Figure 2 shows the vortex distribution at different times. The interaction between the vortex and the flapping wing is a significant factor of the high lift coefficient. With a proper angle of the flapping wing,a high lift force can be achieved. As shown in the pictures, in the stage of a uniform velocity (Fig.2(a)), the horizontal angle of attack remains a constant and there is a continuous vortex shedding from the wake flow.At the same time, the backflow area of the front edge constantly strengthens and finally, a strong front vortex is formed. And the vortex attached at the front edge provides a certain lift force for the wing, makes a gentle change of the lift coefficient in this phase. And then, the wing pulls up with a constant or rapid speed(Figs.2(a), 2(b)), the vortex of the trailing edge breaks away from the wing and a rotating vortex is formed,acting on the wing. Along with the continuous enhancement of the leading edge vortex, the lift coefficient of the flapping wing reaches the high peak. Then the wing enters into a deceleration phase (Figs.2(b), 2(c)).At about τ / τc= -0 .07, the states on the top and the bottom of the wing alternate each other, the vortex of the trailing edge accumulates on the direction of the forward motion and interacts with the wing, to form the trailing edge vortex at this time and the previous turning vortex cannot alternate each other, with a continuous decline of the lift coefficient. In the next stage, the wing accelerates in the other direction(Figs.2(e), 2(g)), the latter trailing edge vortex and the previous turning vortex which sheds from the trailing edge can alternate each other. And since the two vortexes are opposite in their circling directions, so they can produce a strong vortex to raise the lift coefficient again.
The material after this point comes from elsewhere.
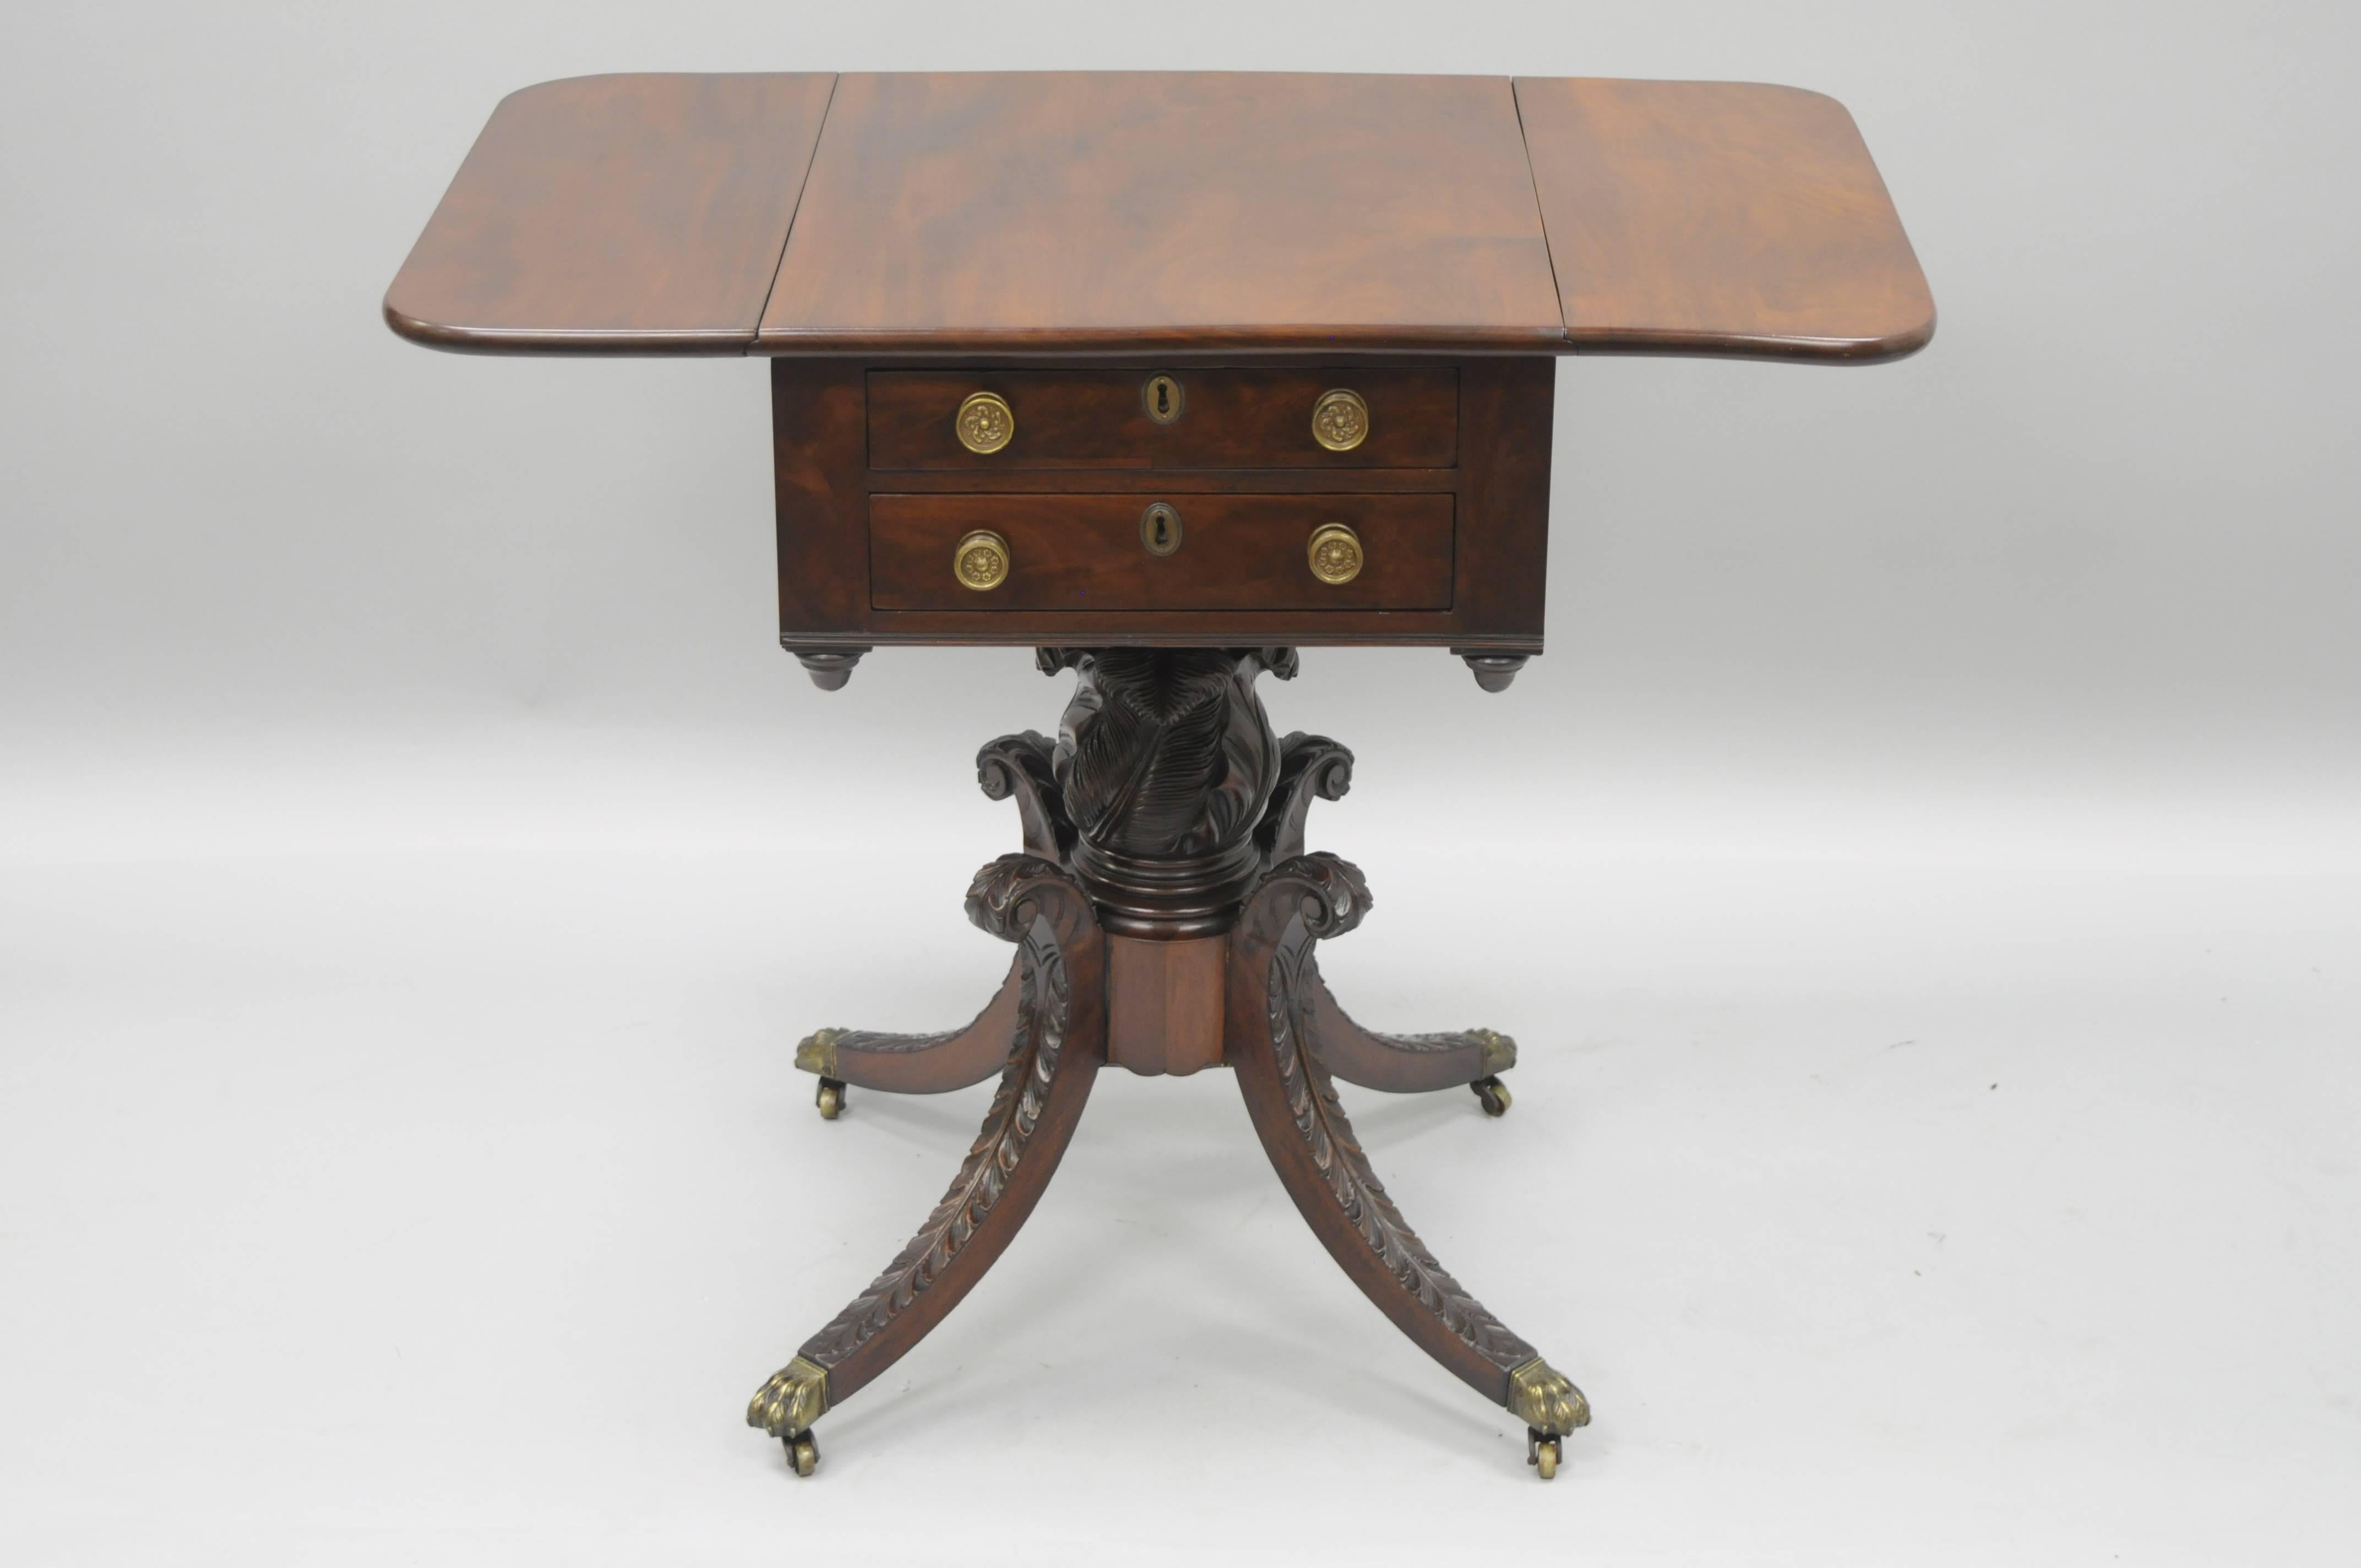 Antique early to mid 19th century regency / empire carved mahogany drop-leaf two-drawer side table with faux drawers at the rear. Table features a solid mahogany wood top with beautiful wood grain, drop sides, and two hand dovetailed drawers at the
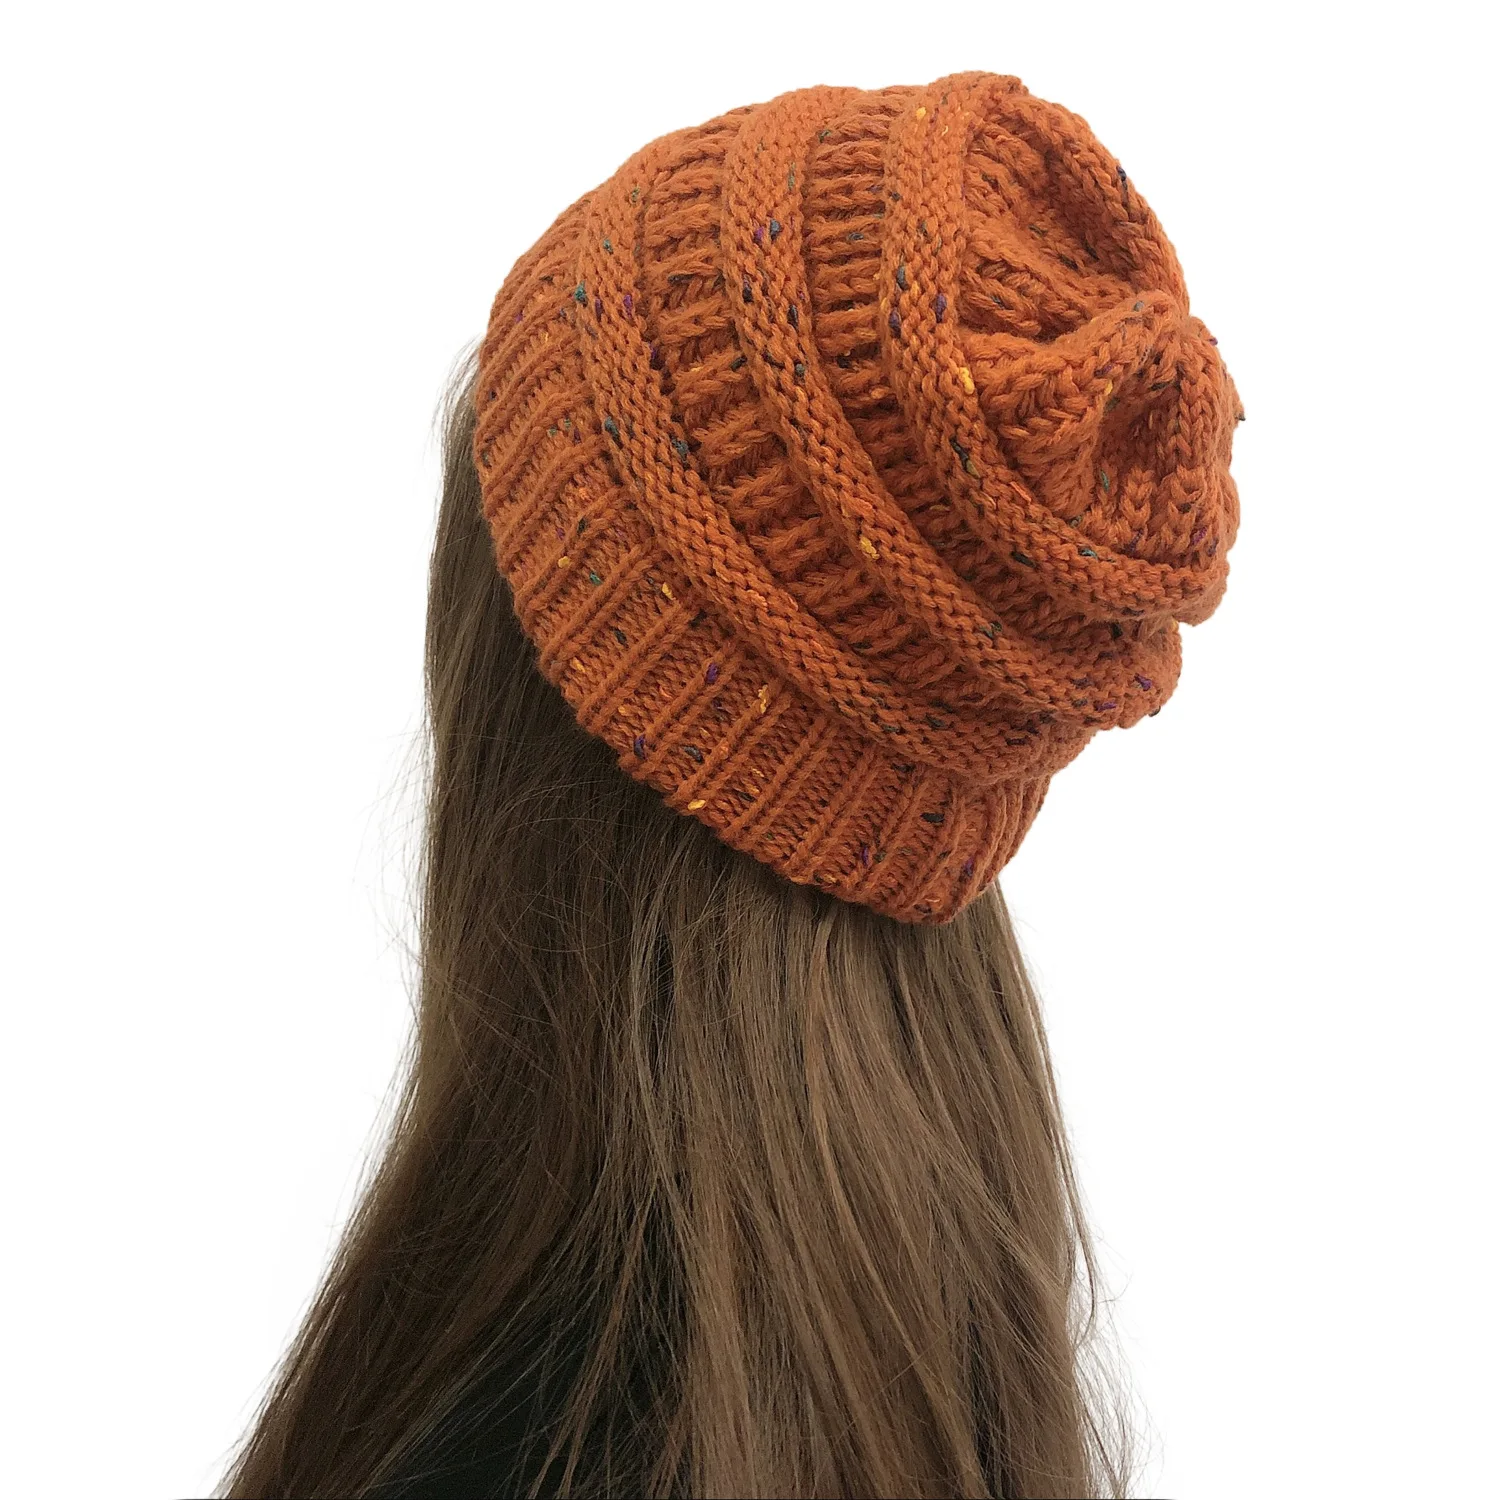 Bubble Knit Multi Chunky Thick Cable Knit Beanie Slouch Skull Winter Hat S13

2.3 The pressure distribution of the flapping wing

Figure 3 clearly demonstrates the pressure distribution around the wing. In the translational stage(Fig.3(a)), there are two pressure centers, respectively located in the front and the back of the trailing edge.The forward total pressure obviously is higher than the other, which steadies the lift coefficient in the stage. In the initial stage (Figs.3(a), 3(b)), the wing begins to overturn, the low-pressure center near the wing is destroyed. Since the angular velocity increases,the volume of the bottom wing increases suddenly, the air becomes thin and the intensity of the pressure reduces, which leads to a stable low pressure area.Oppositely a high-pressure zone appears on the top.Due to the pressure difference, the lift coefficient increases at this stage. As the wing goes into the early deceleration phase (Figs.3(b), 3(c)), due to the fact that the states on the top and the bottom alternate,together with the fact that the original high pressure area under the wing gradually sheds to the wake flow.A low pressure center forms on the upper area of the original leading edge, which makes the pressure difference decrease and results in the falling of the lift coefficient. Then the wing goes into the later deceleration stage. Because the original high pressure area under the plane turns into the low pressure area and the shedding high pressure area is attached at the trailing edge of the original upper plane, the pressure difference increases again, this makes the lift coefficient rise again. The different angles and speeds of the movement can lead to different pressure distributions,pressure center behind the wing (Fig.3(a)), keeping two pressure centers in the following phase of equal attack angle.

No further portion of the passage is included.